The epoxy resin cured film is also transparent and homogeneous, and has excellent flex resistance and adhesiveness, high hardness, and excellent physical properties.
[0034]
【The invention's effect】
The 1,3,5-tris [2- (t-butoxycarbonyl) ethyl] isocyanurate of the present invention has a lower melting point than CIC acid, and has good solubility in organic solvents and good compatibility with epoxy resins. is there.
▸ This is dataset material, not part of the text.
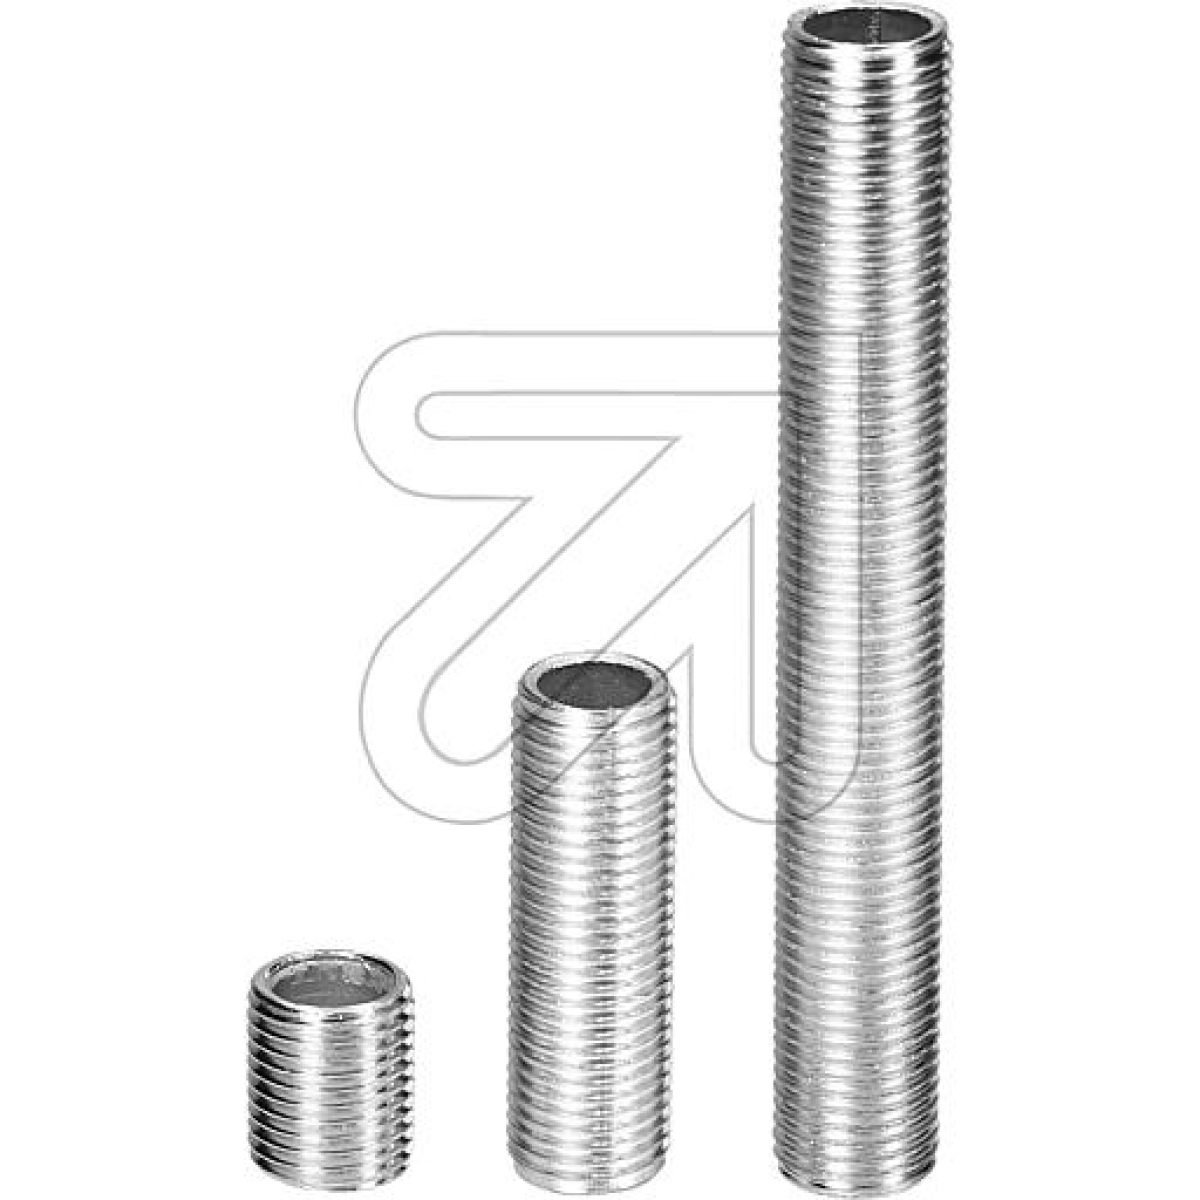 D. W. BendlerThreaded tube galvanized M10a/L30mm 1540.0101.0030.2104-Price for 10 pcs.Article-No: 601310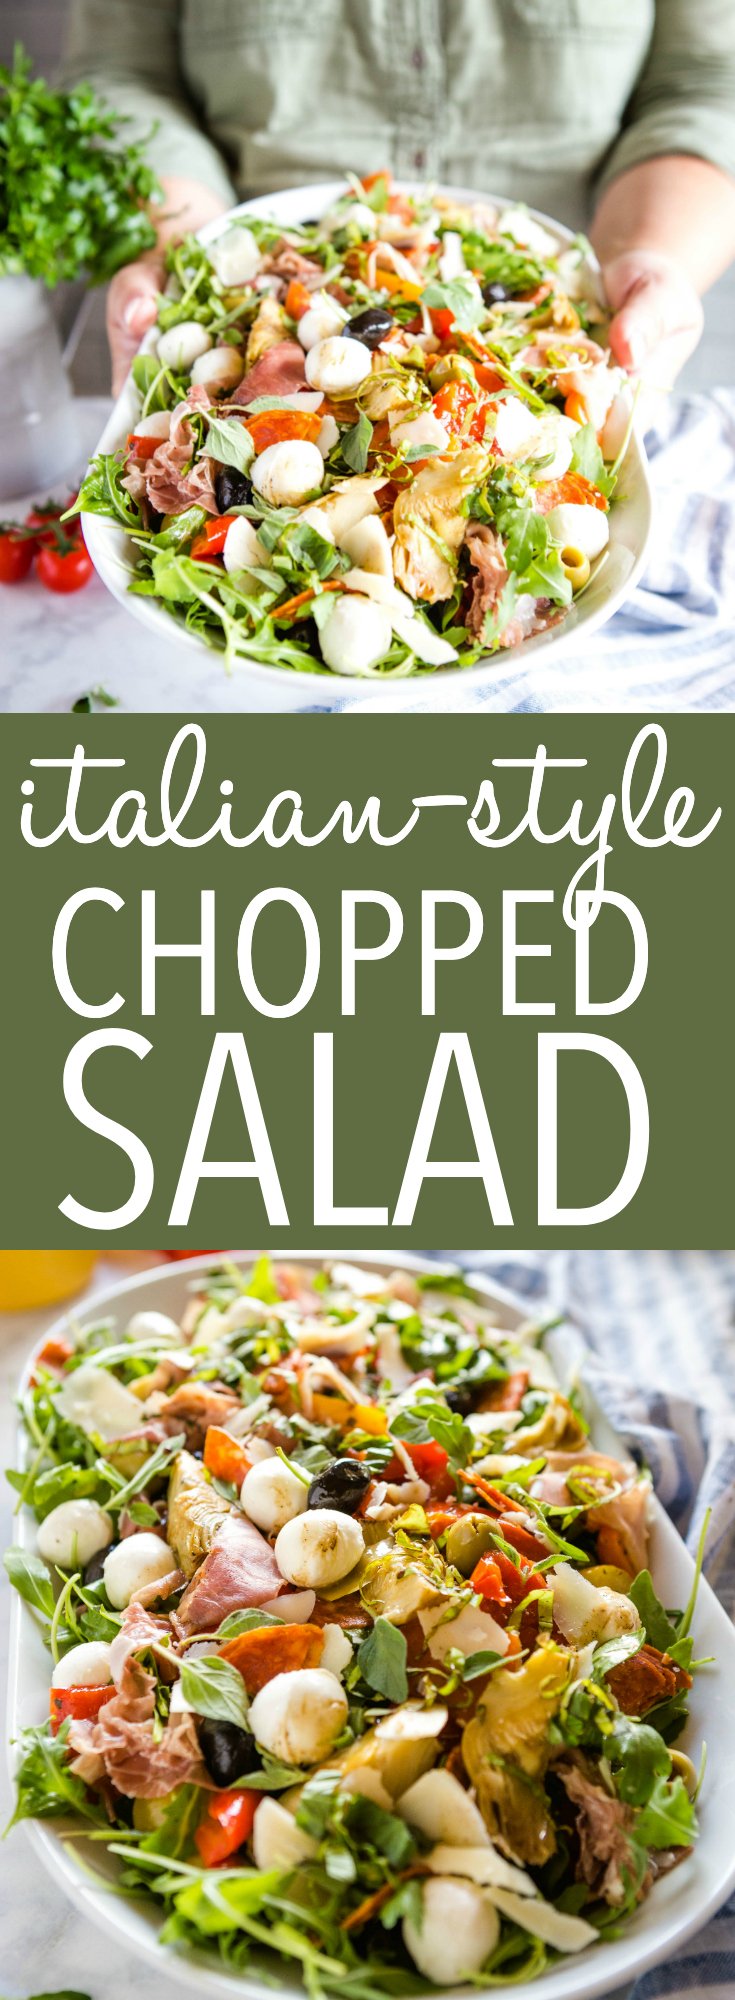 This Low Carb Italian Chopped Salad is a delicious and easy-to make light meal or side dish that's packed with savoury Italian flavours like tomatoes, olives, artichokes, roasted peppers, mozzarella, prosciutto and pepperoni! Recipe from thebusybaker.ca! #salad #italian #easytomake #lowcarb #keto #veggie #lunch #mealprep #potluck via @busybakerblog

The epoxy resin composition of the present invention using 1,3,5-tris [2- (t-butoxycarbonyl) ethyl] isocyanurate as a curing agent has good curability and storage stability at room temperature. In addition, since it gives a cured product which is transparent and has excellent adhesion to metal, it is suitable in the fields of paints and adhesives.

Claims (2)

A novel ester compound having an isocyanuric acid ring represented by Chemical formula 1.

An epoxy resin composition comprising an epoxy resin having an average of two or more epoxy groups in one molecule and the ester compound according to claim 1 blended therein.